Monday, 1 February 2010

Thin ice and Norman Cameron




Monday is one of my two days in at UEA -officially. In fact I am often there on other days. As I was leaving today, at the relatively early hour of 5pm, the ice in the car park looked like a skim of glass, everyone treading carefully, raising their feet high so the foot comes down flat and does not slide. It's a delicate, touching, clumsy process. There is something dreamlike about it in the dark. Perhaps it's car parks generally. Places of transit. Few people stop and stare and have conversations in car parks. We are either thinking of arriving or leaving, and, on the ice, perform this awkward little dance.

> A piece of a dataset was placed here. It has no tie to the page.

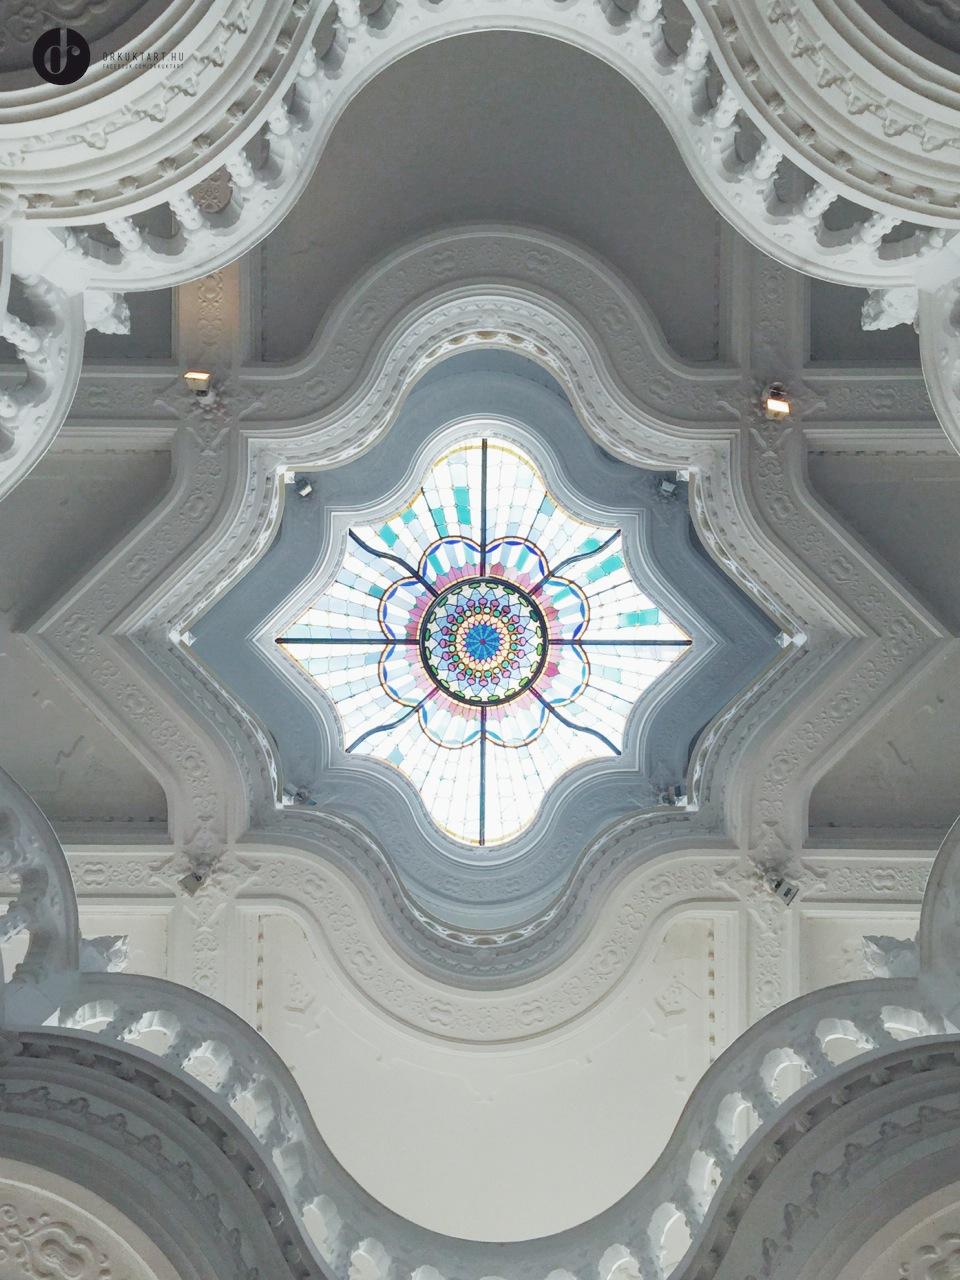 drkuktart_iparmuveszetimuzeum_museumofappliedarts06.jpg

It is, as ever, the odd non-fitting things that fascinate. I work in my office. I mark work, I have tutorials and supervisions and meetings. That is Life One. But Life Two - the car park, the ice, the odd, dreamlike, dancing awkwardness - is no less real. Perhaps that is Life One and the office is Life Two. Life One plus Life Two must, I suppose, add up to Life Three, which is where the writing gets done.

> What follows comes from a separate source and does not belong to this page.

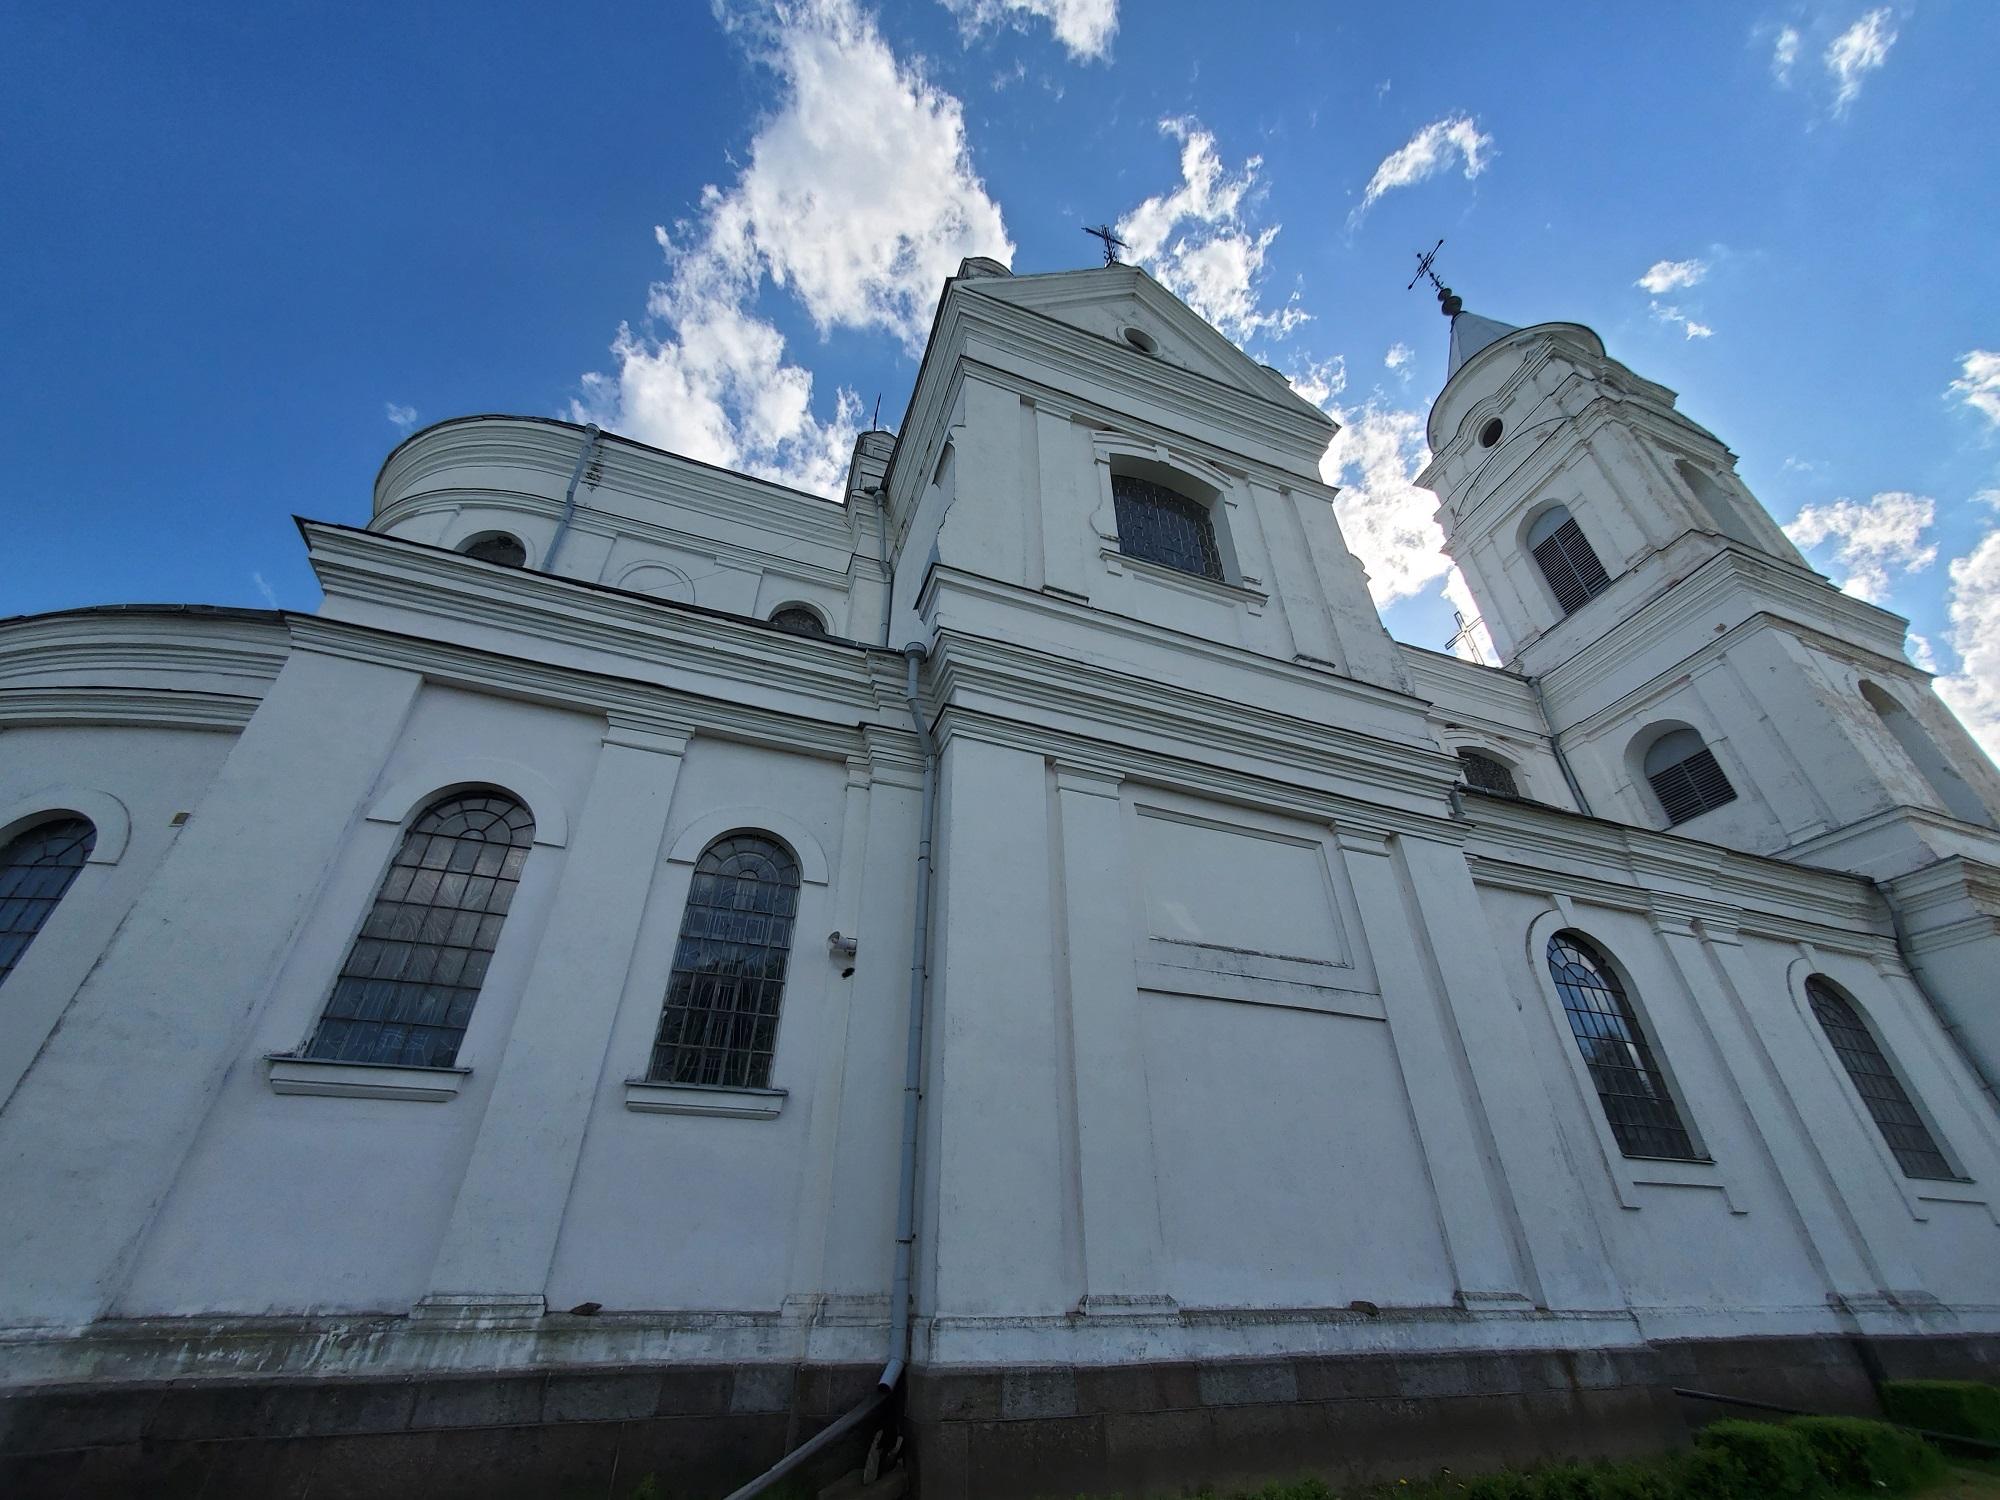 20200606 164931 - Костел Пресвятой Девы Марии в деревне Парафьяново

Ah, but there is Norman Cameron:

Psychologists discovered that Miss B
Suffered from a split personality.
She had B-1, B-2, 3,4 and 5,
All of them struggling in one body alive.
B-1 got tipsy and B-2 fell ill,
B-3 got pregnant, B-4 paid the bill.
Well, that's enough of that. What about me?
I have, at least, N-1, N-2, N-3.
N-1 is a glutton, N-2 is a miser,
N-3 is different, but not much wiser.
Well, that's enough of that. What of N-0?
That's the N I'd really like to know.

The poem is called Nostalgia for Death, alas. Poor Cameron was a lovely poet. Martin Bell introduced me to his work. I have his Collected Poems, introduced by Robert Graves, second impression 1967, the first being in 1957. The Collected Poems is 72pp long but the poems only begin on p.25. He was forty-eight when he died. I have his translation of Villon too - a gorgeous thing. There's not a bad poem in the Collected, and many are memorable. Some are classics. Died in the same year as Dylan Thomas. Everyone remembers Thomas, said Martin. Life is unfair.